### RAW DATA
-*-*-
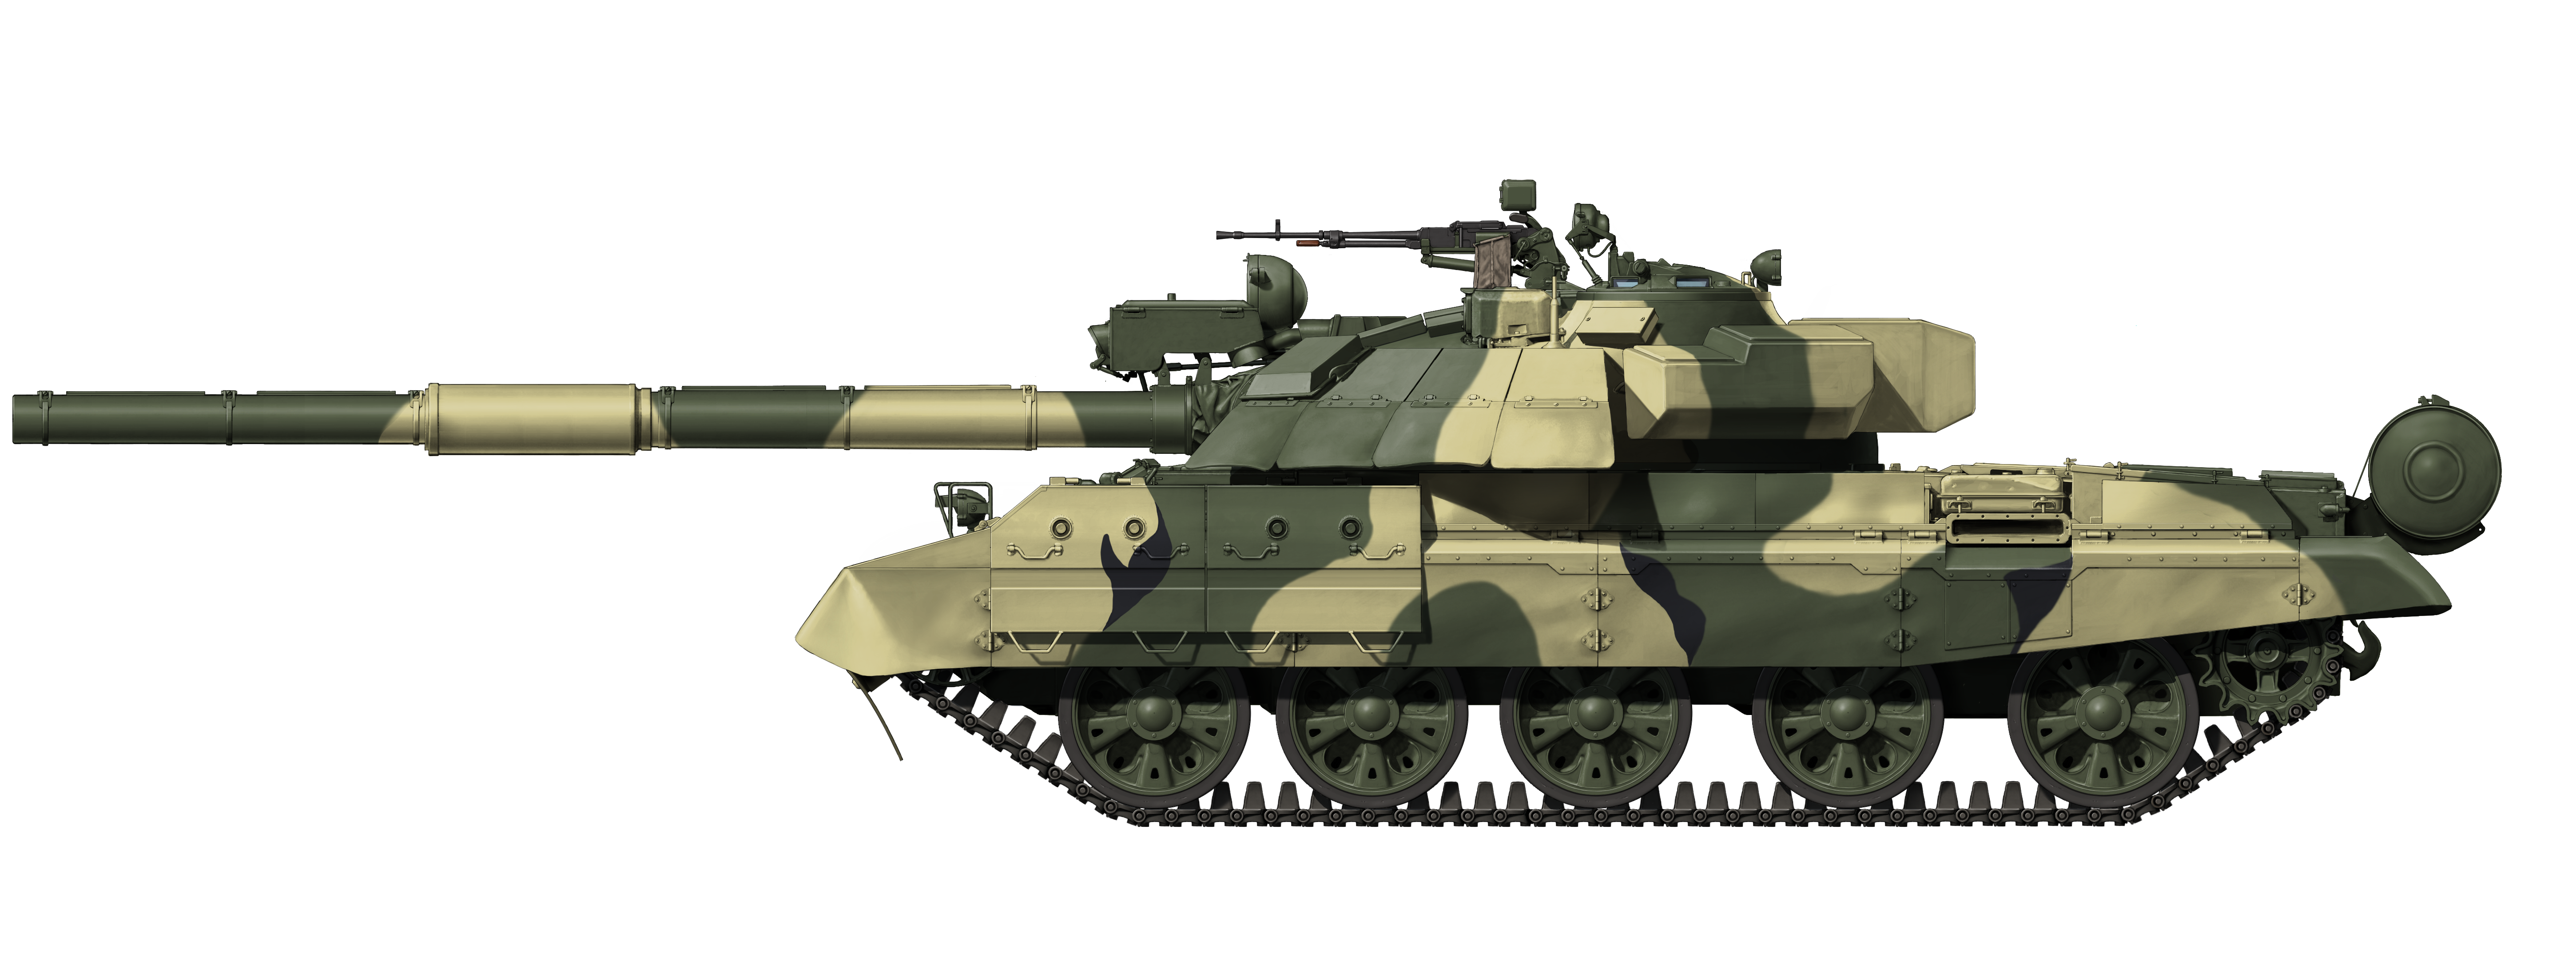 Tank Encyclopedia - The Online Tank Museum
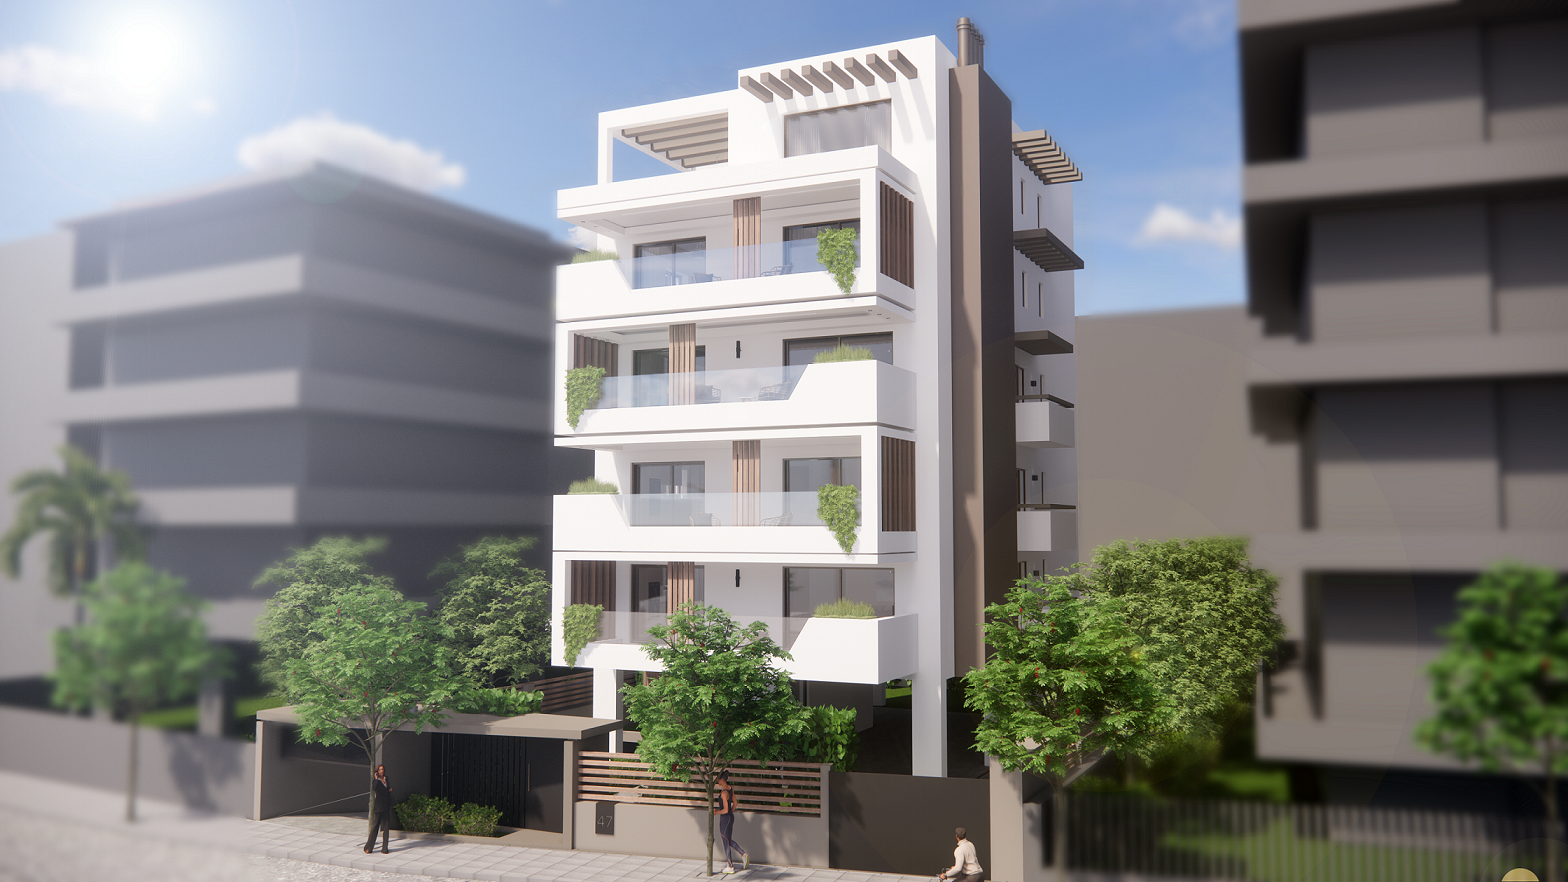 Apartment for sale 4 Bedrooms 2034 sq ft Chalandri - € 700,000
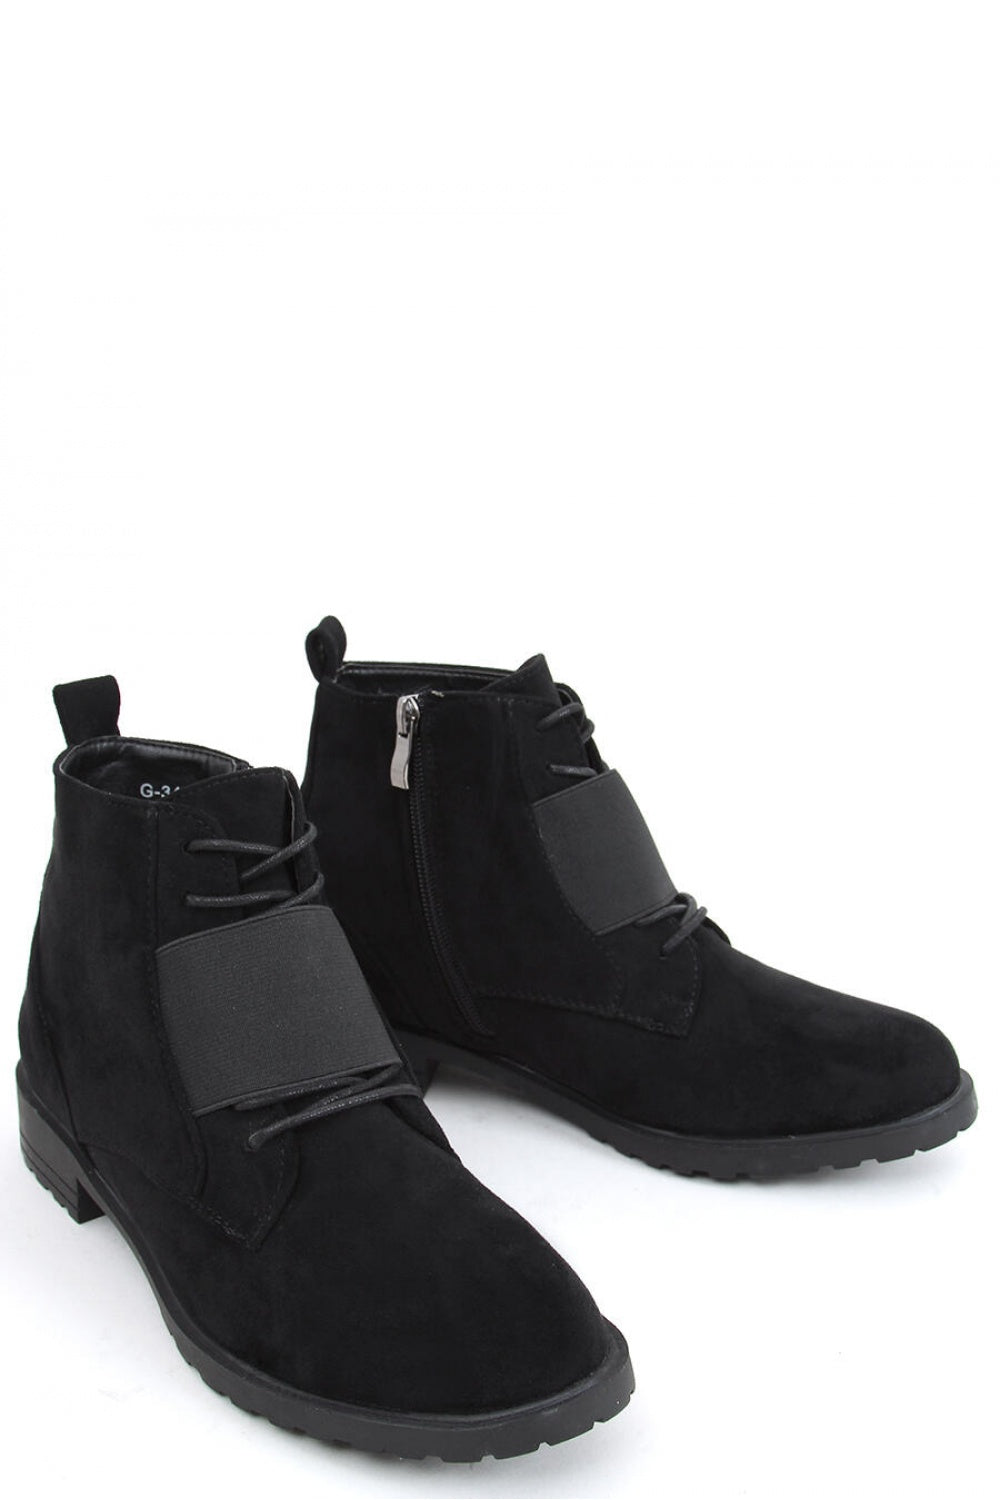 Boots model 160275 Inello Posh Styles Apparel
-*-*-
### PROBLEM
Retype everything in the material word for word, minus pictures.

### RESPONSE AREA
 Tank Encyclopedia - The Online Tank Museum
 Apartment for sale 4 Bedrooms 2034 sq ft Chalandri - € 700,000
 Boots model 160275 Inello Posh Styles Apparel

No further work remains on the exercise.